Data under study:
- - -

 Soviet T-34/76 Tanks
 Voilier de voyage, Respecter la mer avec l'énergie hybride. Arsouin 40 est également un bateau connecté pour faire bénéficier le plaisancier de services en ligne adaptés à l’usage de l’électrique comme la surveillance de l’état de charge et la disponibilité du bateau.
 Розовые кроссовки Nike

- - -

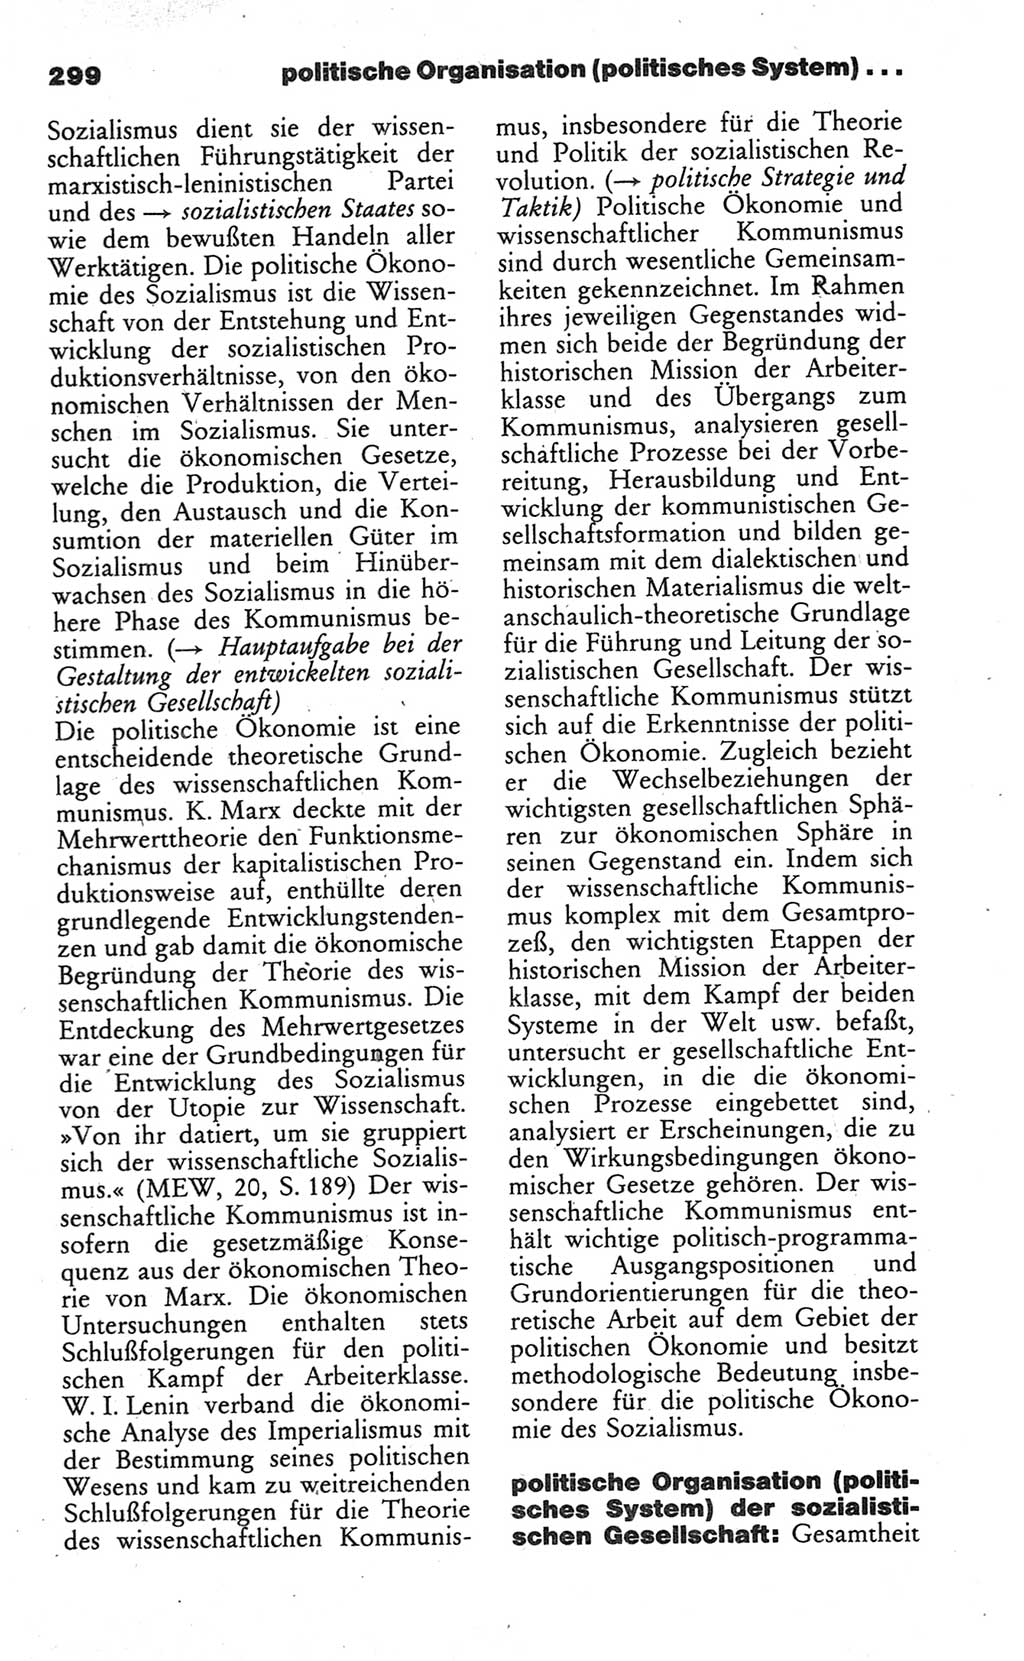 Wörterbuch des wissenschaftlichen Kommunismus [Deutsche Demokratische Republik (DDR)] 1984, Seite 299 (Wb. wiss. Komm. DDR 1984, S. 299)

- - -

Exercise instructions: Begin at the line above that has "Soviet T-34/76 Tanks" and stop after the line that has "Розовые кроссовки Nike", copying each line exactly and adding nothing else.

Task solution:
 Soviet T-34/76 Tanks
 Voilier de voyage, Respecter la mer avec l'énergie hybride. Arsouin 40 est également un bateau connecté pour faire bénéficier le plaisancier de services en ligne adaptés à l’usage de l’électrique comme la surveillance de l’état de charge et la disponibilité du bateau.
 Розовые кроссовки Nike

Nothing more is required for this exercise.